Prompt 1: Understand Exception Objects
Ask your AI:
"Explain what happens when Python encounters an error: How does it create an exception object? What information does the exception object contain?"
Expected Outcome: You understand that exceptions are objects with type, message, and traceback—not magic, but structured information Python uses to communicate errors.
Prompt 2: Apply to Your Code
Ask your AI:
"What exceptions could occur in this code? [paste your code]. For each exception, write a try/except block that handles it."
(Replace with actual code from one of your programs from Chapters 12-20.)
Expected Outcome: You can identify potential errors in your own code and sketch handlers for them.
Prompt 3: Analyze Exception Design
Ask your AI:
"Why does Python have separate ValueError and TypeError instead of just one 'error' exception? When would you catch each one differently?"
Expected Outcome: You understand that different exception types communicate different problems—ValueError says 'the value is wrong', TypeError says 'the type is wrong'. This distinction lets you write targeted recovery strategies.
Prompt 4: Synthesize Your Learning
Ask your AI:
"I've learned about try/except, ValueError, TypeError, and ZeroDivisionError. Show me a realistic function that could raise all three exception types.
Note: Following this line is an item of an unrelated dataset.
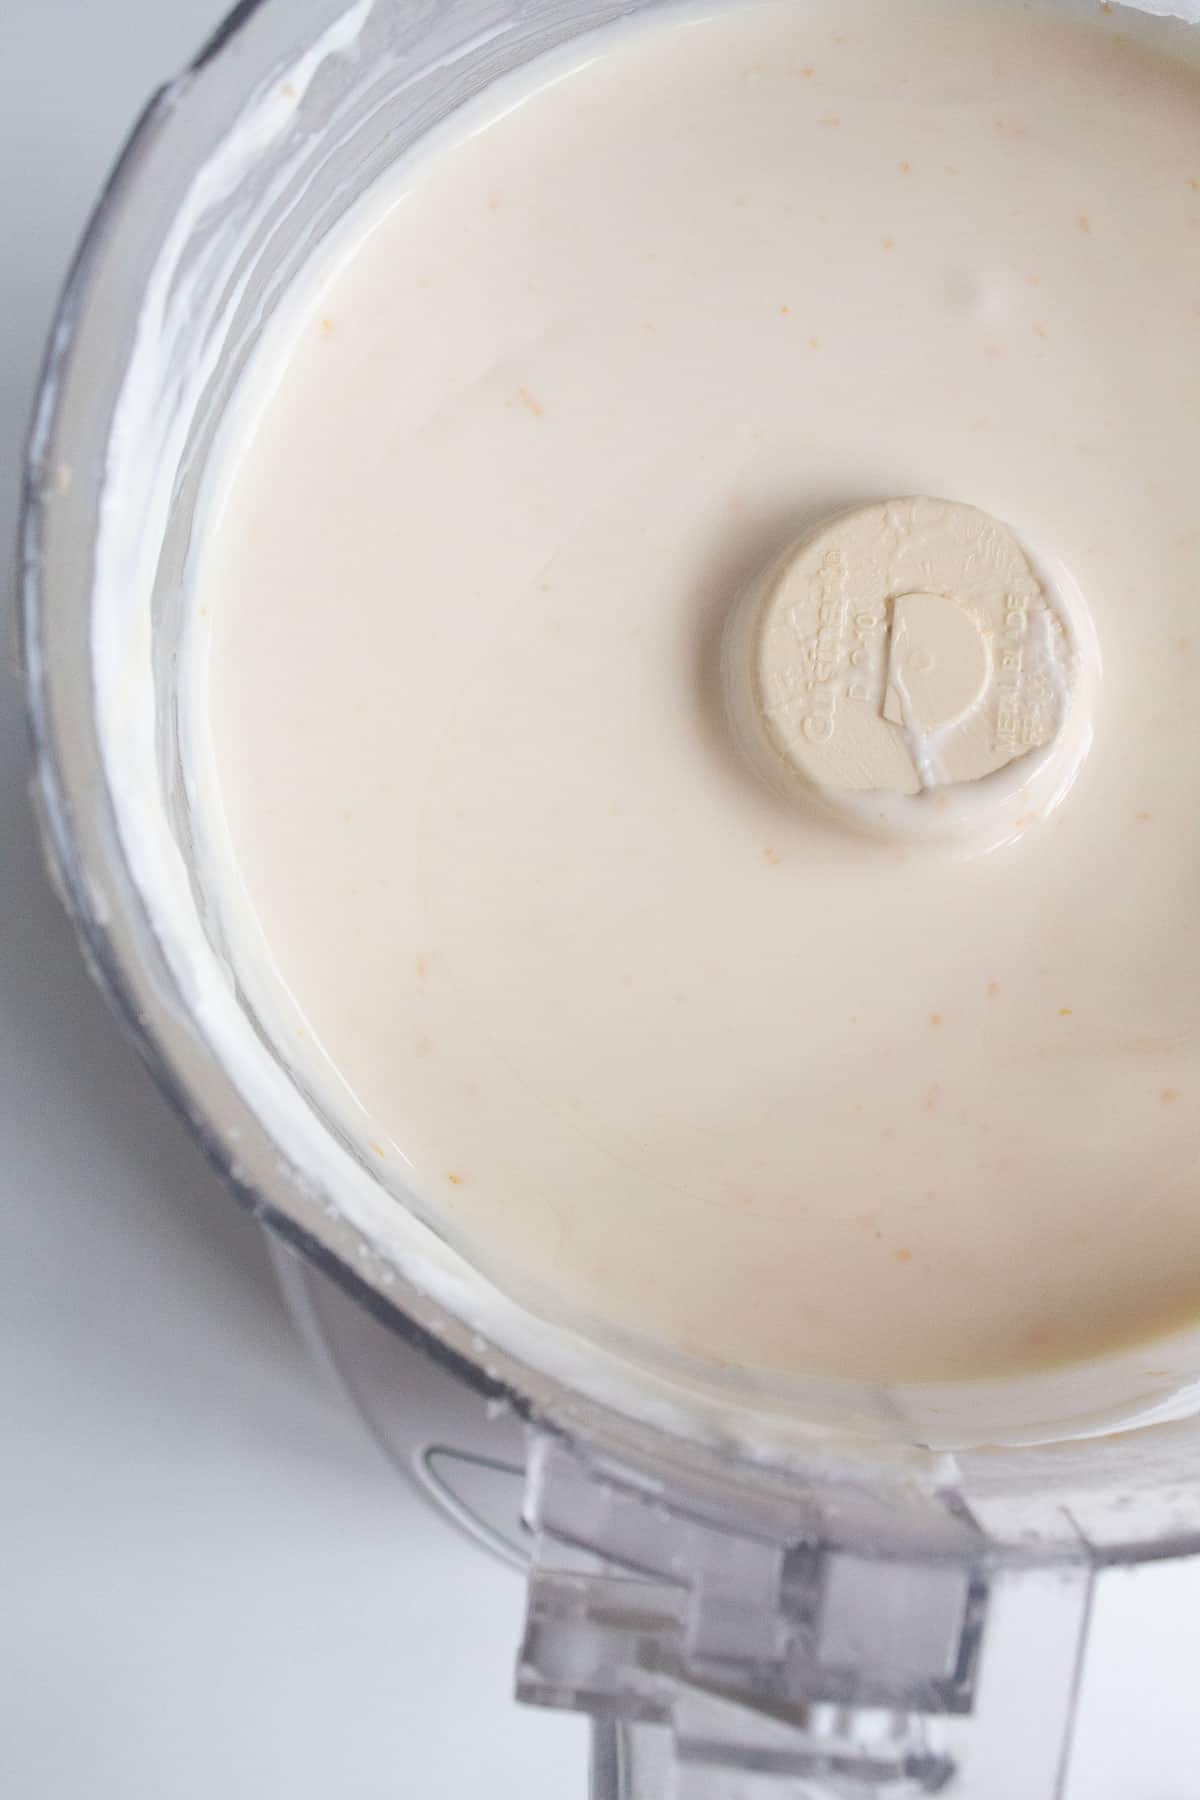 The cream cheese cheesecake filling mixed in a food processor.

For each, write a separate except block explaining what that exception means."
Expected Outcome: You've seen a complex example integrating multiple exception types, reinforcing that real code often needs multiple error handlers.
Note on Safety: When testing code with AI, always review the generated exception handlers. Ask "Is this error message helpful to users?" and "Would this recovery strategy actually solve the problem?" Exception handling is about user experience—writing messages and recovery paths that help users fix their mistakes.